I hope I ordered the right UPS for the Raspberry Pi
We have a Plex server running on a Raspberry Pi 3 and a file server running on an older RPi, but I haven’t been leaving them on because we get so many power blips. A garden-variety Raspberry Pi really does not like having its power yanked unceremoniously. I had a Best Buy gift card and after researching UPS models, settled on an APC BackUPS 650VA. No idea yet if that was the best one, but here’s what led me to pick it:
- Back when I was briefly a Unix admin, we had one of the iconic APC boxes sitting beside our server. I don’t know if the quality is still there these days, but we’ll see.
- All I need it to do is run the two RPis and one external hard drive long enough for a graceful automatic shutdown, so this model doesn’t seem like overkill.
- There’s a Raspbian-compatible daemon called apcupsd that can talk to an APC UPS.
- Eaton looks great but is too rich for what I need.
- CyberPower was off the table because of their dorky name, and because of reviews that mentioned them catching on fire and tech support saying, “oh well, that happens”.
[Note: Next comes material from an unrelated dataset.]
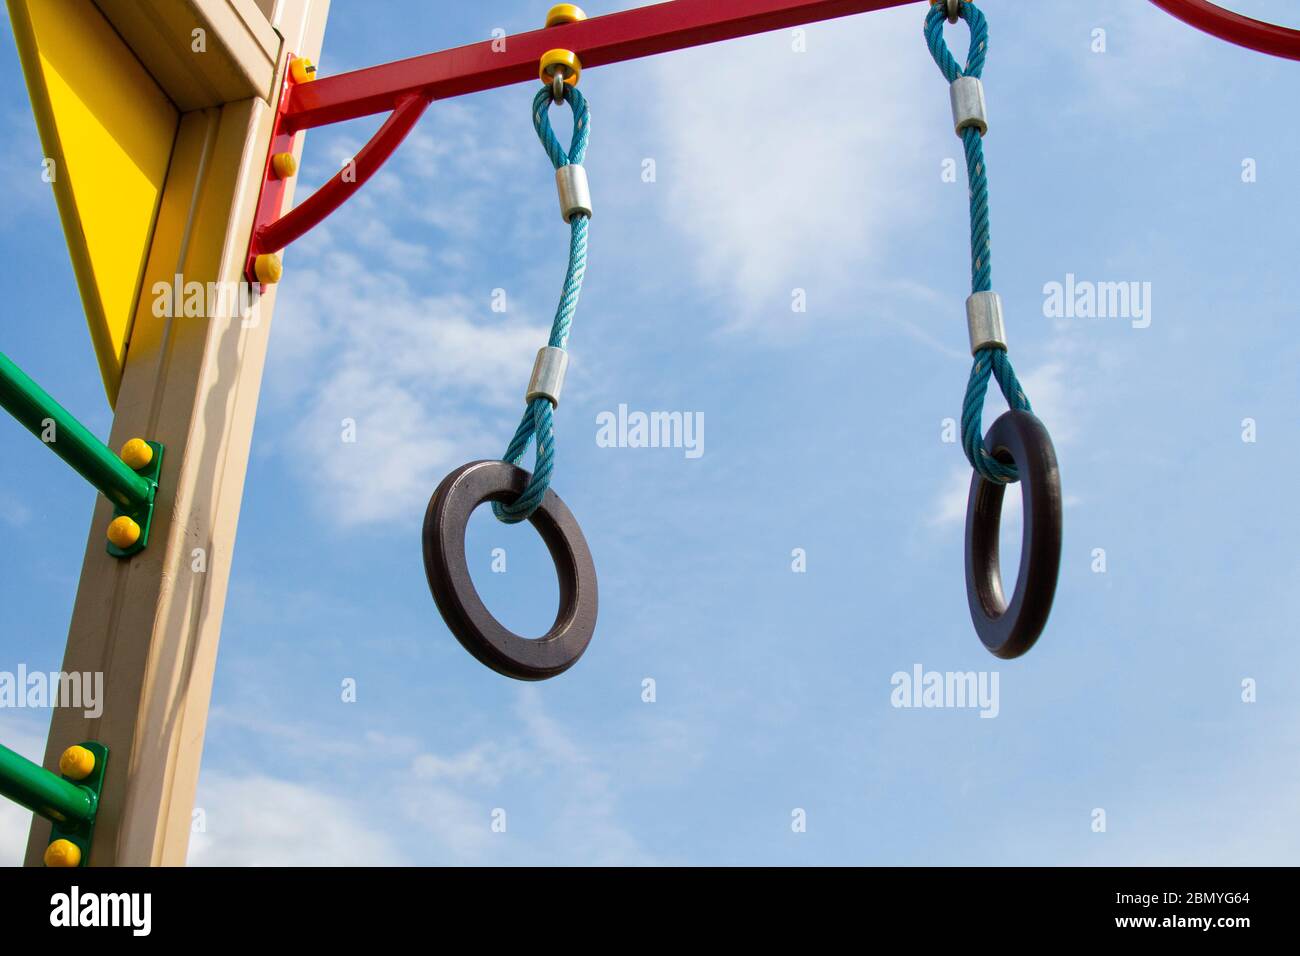 Des anneaux de gymnastique sont suspendus sur l'aire de jeux, sur la barre horizontale. Contre le ciel bleu. Banque D'Images

- Tripp Lite, having a stellar reputation for surge protectors, doesn’t seem to have a great history with UPS units according to at least this one person on Reddit:
I can’t really speak to the Linux driver side, but I can tell you from a Systems Administration point of view, Tripplite is a Nightmare. The MIB’s for SNMP rarely work and the Management interface for most of their Gear in Java (not HTML like APC.)
I personally prefer APC, even Eaton before I would go Tripplite.
More after the thing arrives and I get to play with it.